Theoretical Machine Learning Advanced Course: Probabilistic and Statistical Math (Part 1)

Kushajveer Singh
7 min readSep 13, 2018

Welcome to the first part of a month-long series. In this series, I would help you build your intuition towards machine learning so you will no longer be that guy that just knows how to import an API from scikit-learn.

How does this work? I would not cover the whole topics but give intuition and a give an interactive experience and in the end, I would a reference from where you can read on the topic. So let’s begin.

Copyright: https://www.lordofthecraft.net/forums/topic/152684-denied-rinraguks-et-application/

Why is there a need for uncertainty (probability) in machine learning (ML)? Generally when we are given a dataset and we fit a model on that data what we want to do actually is capture the property of dataset i.e. the underlying regularity in order to generalize well to unseen data. But the individual observations are corrupted by random noise (due to sources of variability that are themselves unobserved). This is what is termed as Polynomial Curve Fitting in ML.

In curve fitting, we usually use the maximum likelihood approach which suffers from the problem of overfitting (as we can easily increase the complexity of the model to learn the train data).

To overcome overfitting we use regularization techniques by penalizing the parameters. We do not penalize the bias term as it’s inclusion in the regularization causes the result to depend on the choice of origin.
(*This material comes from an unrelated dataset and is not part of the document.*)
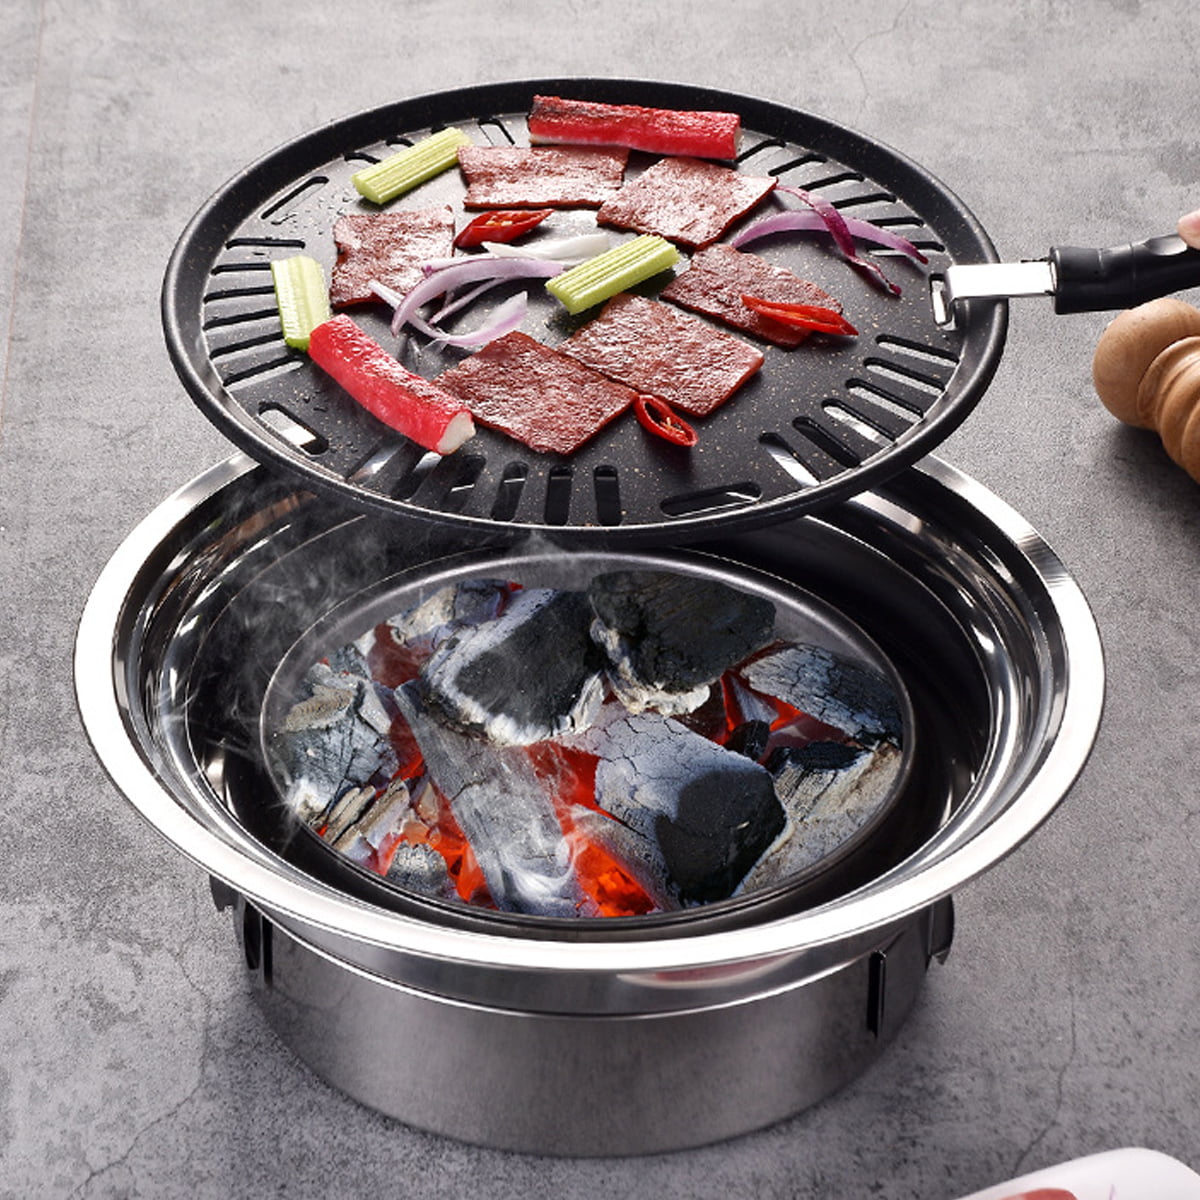 10 Big K Disposable Instant Light BBQ Charcoal Grill Home Outdoor Picnic Camping 
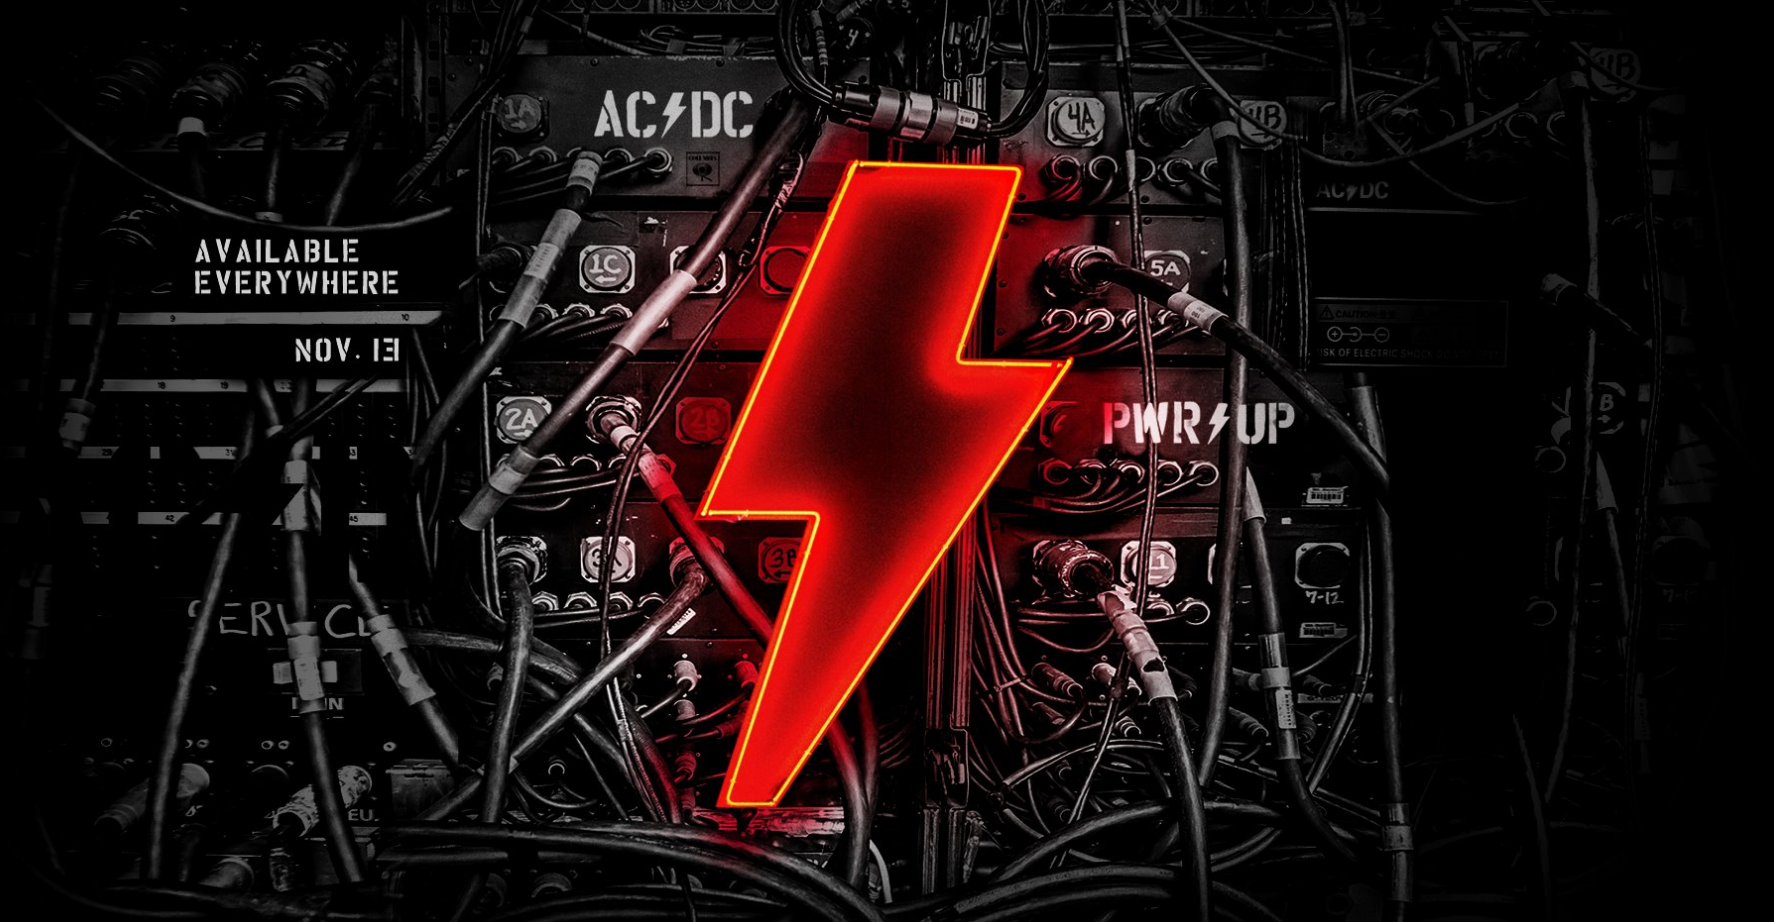 AC/DC Announce New Album ‘POWER UP’ Featuring Classic Lineup, Share Single “Shot in the Dark”

Quick Probability Overview

Consider an event of tossing a coin. We use events to describe various possible states in our universe. So we represent the possible states as X = Event that heads come and Y = Event that tails come. Now P(X) = Probability of that particular event happening.

Takeaway, represent your probabilities as events of something happening.

In the case of ML, we have P(X = x) which means, the probability of observing the value x for our variable X. Note I changed from using the word event to a variable.

Next, we discuss expectation. One of the most important concepts. When we say E[X] (expectation of X ) we are saying, that we want to find the average of the variable X. As a quick test, what is the E[x] where x is some observed value?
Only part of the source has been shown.